Locate each line in the records containing "Banque". Copy it.

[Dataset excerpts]

+++

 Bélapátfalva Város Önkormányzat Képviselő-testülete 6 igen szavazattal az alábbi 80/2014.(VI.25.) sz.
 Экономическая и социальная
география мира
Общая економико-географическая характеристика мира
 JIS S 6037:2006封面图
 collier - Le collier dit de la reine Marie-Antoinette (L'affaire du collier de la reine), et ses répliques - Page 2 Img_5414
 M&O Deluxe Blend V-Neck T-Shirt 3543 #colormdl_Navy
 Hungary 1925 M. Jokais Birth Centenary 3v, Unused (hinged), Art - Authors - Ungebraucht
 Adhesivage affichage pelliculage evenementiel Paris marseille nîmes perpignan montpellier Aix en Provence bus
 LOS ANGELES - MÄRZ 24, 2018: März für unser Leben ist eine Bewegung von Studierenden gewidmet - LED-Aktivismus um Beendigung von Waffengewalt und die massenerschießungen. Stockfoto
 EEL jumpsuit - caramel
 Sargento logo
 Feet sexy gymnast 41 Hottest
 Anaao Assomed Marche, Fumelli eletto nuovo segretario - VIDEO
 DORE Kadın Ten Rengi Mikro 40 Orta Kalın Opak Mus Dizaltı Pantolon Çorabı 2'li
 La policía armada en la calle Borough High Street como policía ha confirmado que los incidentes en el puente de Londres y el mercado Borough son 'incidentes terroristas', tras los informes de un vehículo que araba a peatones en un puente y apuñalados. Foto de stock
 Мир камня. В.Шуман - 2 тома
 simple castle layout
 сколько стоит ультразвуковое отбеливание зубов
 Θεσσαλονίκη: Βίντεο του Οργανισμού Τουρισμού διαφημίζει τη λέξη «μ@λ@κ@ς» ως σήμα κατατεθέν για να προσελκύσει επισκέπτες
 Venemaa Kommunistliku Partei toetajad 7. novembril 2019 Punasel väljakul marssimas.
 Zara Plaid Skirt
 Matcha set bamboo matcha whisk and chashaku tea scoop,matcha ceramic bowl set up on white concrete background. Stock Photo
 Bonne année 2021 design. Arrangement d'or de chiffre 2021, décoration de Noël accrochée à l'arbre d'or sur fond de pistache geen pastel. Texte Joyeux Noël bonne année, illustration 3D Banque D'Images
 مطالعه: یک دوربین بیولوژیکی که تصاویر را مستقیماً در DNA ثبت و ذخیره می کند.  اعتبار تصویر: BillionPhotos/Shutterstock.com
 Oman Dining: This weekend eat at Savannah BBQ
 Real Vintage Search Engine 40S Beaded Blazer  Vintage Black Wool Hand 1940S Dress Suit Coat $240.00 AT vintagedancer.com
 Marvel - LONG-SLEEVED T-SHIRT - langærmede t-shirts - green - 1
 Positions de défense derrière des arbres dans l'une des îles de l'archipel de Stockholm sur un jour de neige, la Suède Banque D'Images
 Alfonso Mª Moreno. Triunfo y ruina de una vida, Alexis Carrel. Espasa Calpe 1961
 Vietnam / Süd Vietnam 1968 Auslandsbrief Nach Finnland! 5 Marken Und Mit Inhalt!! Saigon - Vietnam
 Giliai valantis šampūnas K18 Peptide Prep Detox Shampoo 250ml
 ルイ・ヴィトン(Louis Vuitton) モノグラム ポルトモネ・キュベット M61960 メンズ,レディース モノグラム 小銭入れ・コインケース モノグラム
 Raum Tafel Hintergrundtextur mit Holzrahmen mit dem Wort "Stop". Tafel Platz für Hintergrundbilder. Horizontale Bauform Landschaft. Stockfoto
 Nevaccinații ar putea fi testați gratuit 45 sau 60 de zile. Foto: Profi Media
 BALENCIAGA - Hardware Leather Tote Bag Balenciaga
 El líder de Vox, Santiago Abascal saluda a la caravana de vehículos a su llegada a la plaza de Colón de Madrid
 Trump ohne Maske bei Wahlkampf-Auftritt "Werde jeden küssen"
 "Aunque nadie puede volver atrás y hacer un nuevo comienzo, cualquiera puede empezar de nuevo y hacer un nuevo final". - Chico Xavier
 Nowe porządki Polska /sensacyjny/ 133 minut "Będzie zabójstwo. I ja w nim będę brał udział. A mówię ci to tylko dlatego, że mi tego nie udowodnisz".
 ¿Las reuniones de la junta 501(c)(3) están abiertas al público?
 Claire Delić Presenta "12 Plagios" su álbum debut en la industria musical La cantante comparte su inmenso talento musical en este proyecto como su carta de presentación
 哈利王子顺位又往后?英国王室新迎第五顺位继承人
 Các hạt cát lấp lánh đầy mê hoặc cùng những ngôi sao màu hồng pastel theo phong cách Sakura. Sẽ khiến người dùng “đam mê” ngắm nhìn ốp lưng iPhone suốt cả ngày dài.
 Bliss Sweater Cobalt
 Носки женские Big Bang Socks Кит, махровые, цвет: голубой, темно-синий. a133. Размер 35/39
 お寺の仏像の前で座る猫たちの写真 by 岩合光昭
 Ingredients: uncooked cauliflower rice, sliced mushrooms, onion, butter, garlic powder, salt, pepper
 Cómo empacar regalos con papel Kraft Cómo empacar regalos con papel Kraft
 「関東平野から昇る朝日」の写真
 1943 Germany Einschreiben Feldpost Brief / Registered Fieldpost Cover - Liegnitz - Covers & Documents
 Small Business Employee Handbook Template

+++

**Exercise output:**
 Bonne année 2021 design. Arrangement d'or de chiffre 2021, décoration de Noël accrochée à l'arbre d'or sur fond de pistache geen pastel. Texte Joyeux Noël bonne année, illustration 3D Banque D'Images
 Positions de défense derrière des arbres dans l'une des îles de l'archipel de Stockholm sur un jour de neige, la Suède Banque D'Images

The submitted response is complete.